AVAILABLE DATA ::

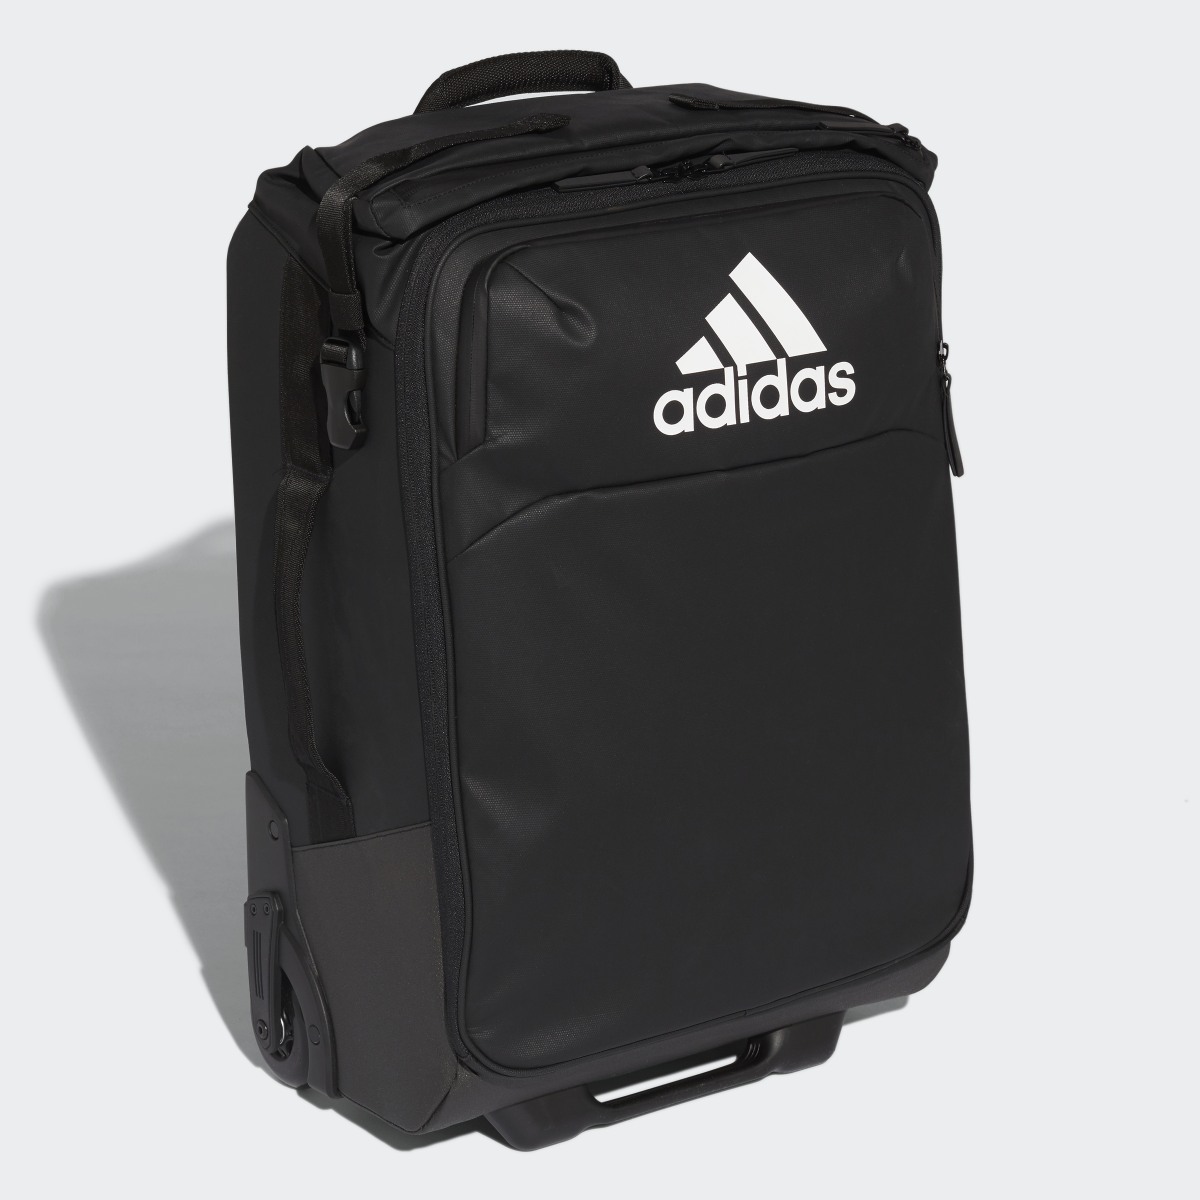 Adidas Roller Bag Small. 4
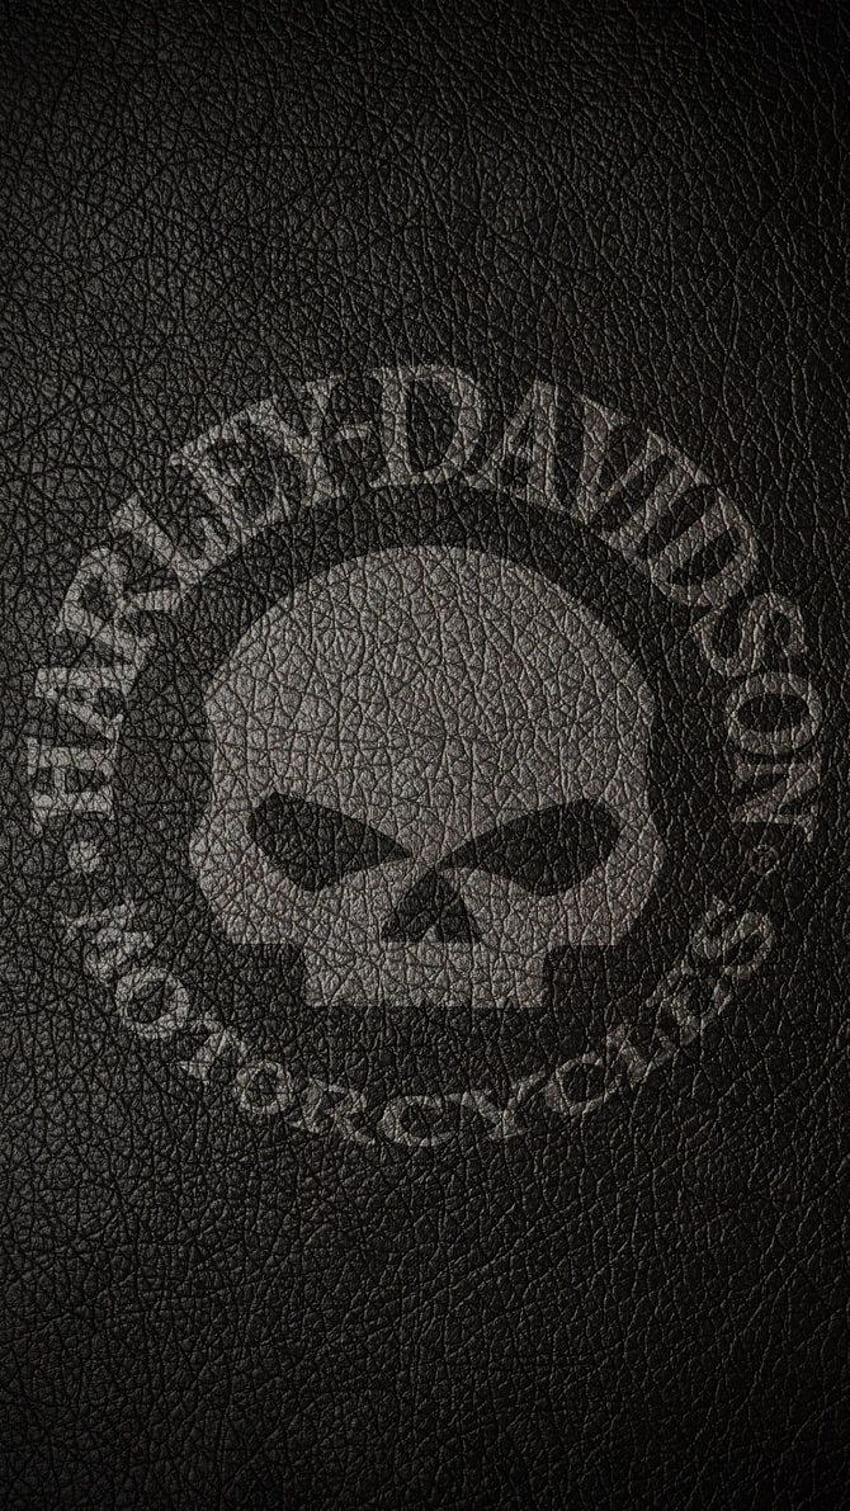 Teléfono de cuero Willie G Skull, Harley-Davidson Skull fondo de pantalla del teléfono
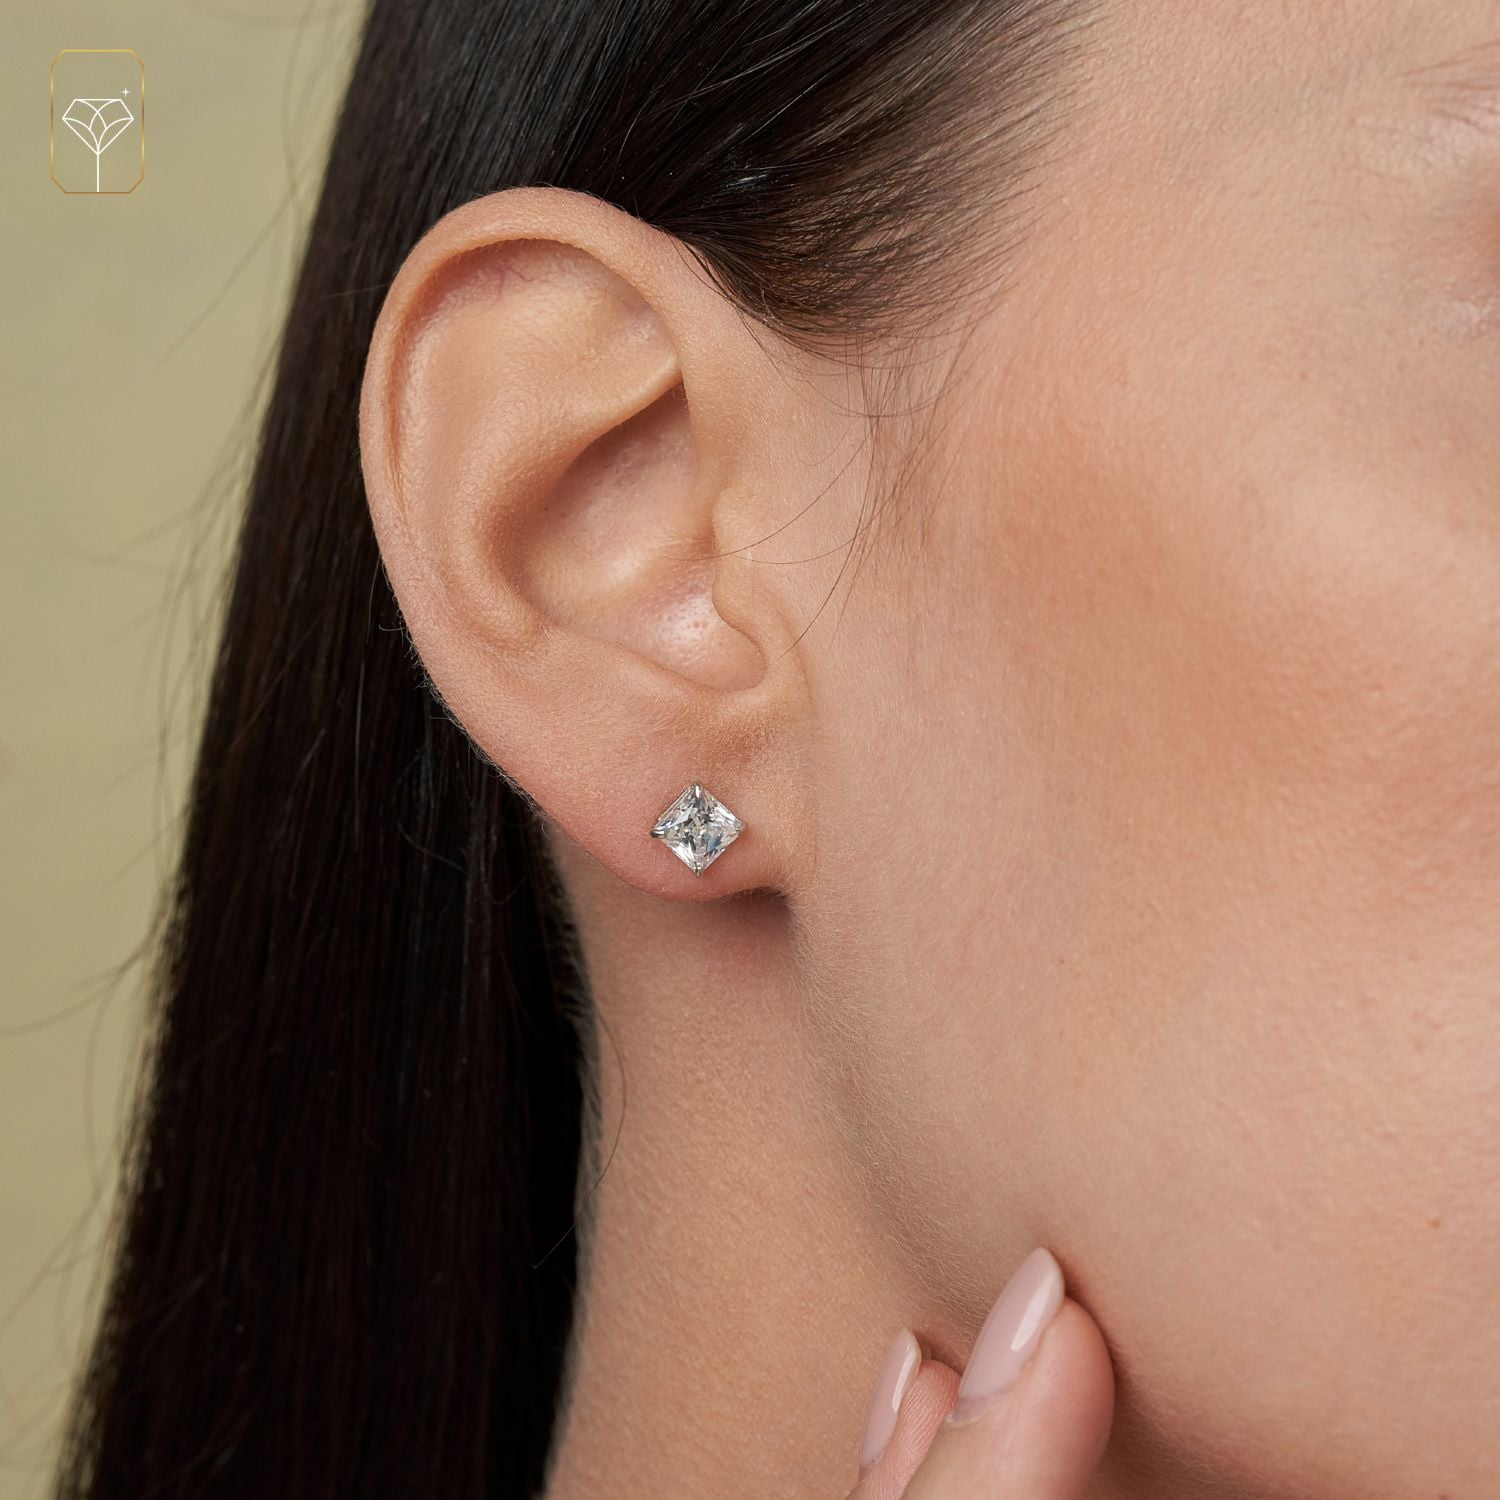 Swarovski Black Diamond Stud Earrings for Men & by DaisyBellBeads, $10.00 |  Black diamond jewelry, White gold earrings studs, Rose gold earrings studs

TASK :: The data above must be written out again word for word, without its pictures.

EXERCISE OUTPUT ::
 Adidas Roller Bag Small. 4
 Teléfono de cuero Willie G Skull, Harley-Davidson Skull fondo de pantalla del teléfono
 Swarovski Black Diamond Stud Earrings for Men & by DaisyBellBeads, $10.00 |  Black diamond jewelry, White gold earrings studs, Rose gold earrings studs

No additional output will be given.